Section 15: Multipliers
- Section 15(2) makes provision for the multipliers in England. Most of section 15(2) (which inserts a new Part A1 of Schedule 7 to the 1988 Act) re-enacts the provisions currently in Part 1 of Schedule 7. The changes to the existing provisions in Schedule 7 are:
- Chapters 2, 3 and 5 of the new Part A1 provide for both the non-domestic rating multiplier and the small business non-domestic rating multiplier to be indexed each year in line with the change in Consumer Prices Index at the September preceding the year in question rather than the Retail Prices Index. It also provides that the Treasury may, by regulations, index either multiplier by a figure less than the Consumer Prices Index. The existing requirement in paragraphs 3A and 4A of Part 1 that the non-domestic rating multiplier is found by making an addition to the small business non-domestic rating multiplier of an amount to meet the cost of the providing Small Business Rate Relief is omitted from the new Part A1.
- The requirement in paragraph 6(4) of Schedule 7 that the multipliers cannot be confirmed until the relevant local government finance report has been approved by the House of Commons in relation to England has been removed for Part A1.
- An anomaly in paragraph 4 of Schedule 7 which currently provides for the multiplier to be rounded down when it is calculated to between 5 and 6 ten thousandths (whereas the normal rules of rounding would result in that situation in rounding up) is corrected in Part A1 paragraph A9.
- Section 15(3)(a) and (c)(ii) correct similar anomalies in the existing provisions in relation to the indexation and rounding of the multiplier in Wales. To allow Wales to independently commence these changes, section 15(3)(b) and (c)(i) separate out the existing provision in paragraph 5(11) of Schedule 7. Section 15(4) removes the requirement that a multiplier in Wales cannot be confirmed until the relevant local government finance report(s) has been approved by the Senedd.
Section 16: Interpretation
- Section 16 makes provision for interpretation of the meaning of "the Act".
Section 17: Consequential provisions
- Section 17 introduces the Schedule which makes changes consequential on sections 1 to 3, 5, 6, 8, 12, 13, and 15 of the Act. Section 17 also gives the appropriate national authority power to make regulations to make such provision as it considers appropriate in consequence of the Act.

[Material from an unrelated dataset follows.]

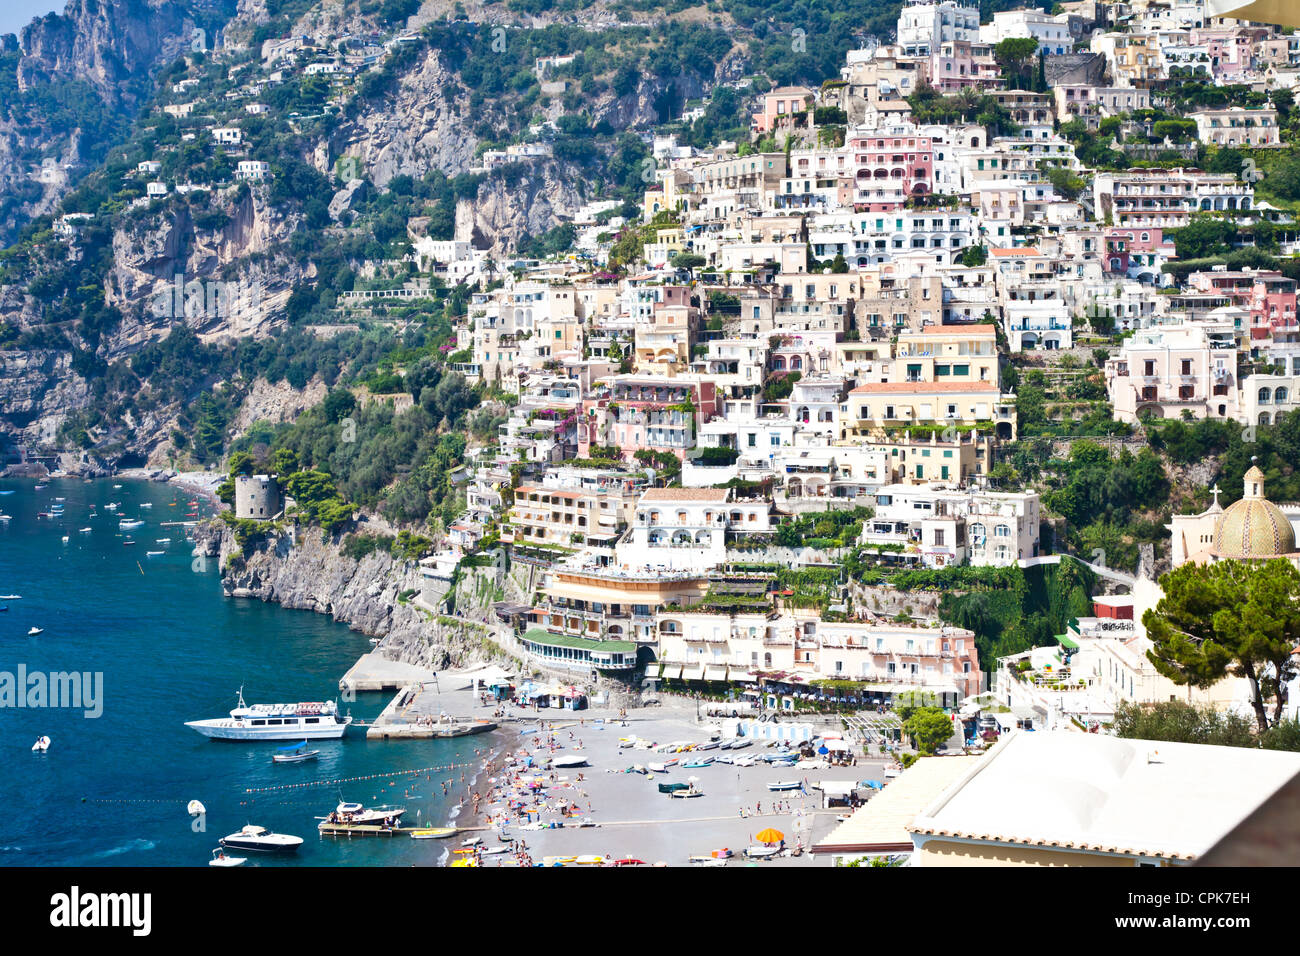 Panoramic view of Minori, wonderful town in Costiera Amalfitana - Italy Stock Photo

1 Consultation on the draft regulations for the business rates improvement relief: https://www.gov.uk/government/consultations/business-rates-improvement-relief-draft-regulations
2 Final Report of the Business Rates Review, p.8: https://assets.publishing.service.gov.uk/government/uploads/system/uploads/attachment_data/file/1028478/BRR_final.pdf
3 See Business Rates Information Letter No. 6 2017 paragraphs 1 and 2: https://assets.publishing.service.gov.uk/government/uploads/system/uploads/attachment_data/file/654885/BRIL_6_-_2017_-_Rural_Rate_Relief__Spring_Budget.pdf
4 Business rates revaluation 2023: the central rating list
5 See paragraphs 2.29 to 2.34 of the November 2021 technical consultation: https://www.gov.uk/government/consultations/business-rates-review-technical-consultation/business-rates-review-technical-consultation#chapter-3-appeals-reform-and-transparency
6 The Rating Lists (Valuation Date) (England) Order 2020 No. 832: https://www.legislation.gov.uk/uksi/2020/832/contents/made
7 Non-Pharmaceutical Interventions is a term used to describe measures that can be used to prevent disease control other than vaccination and medication.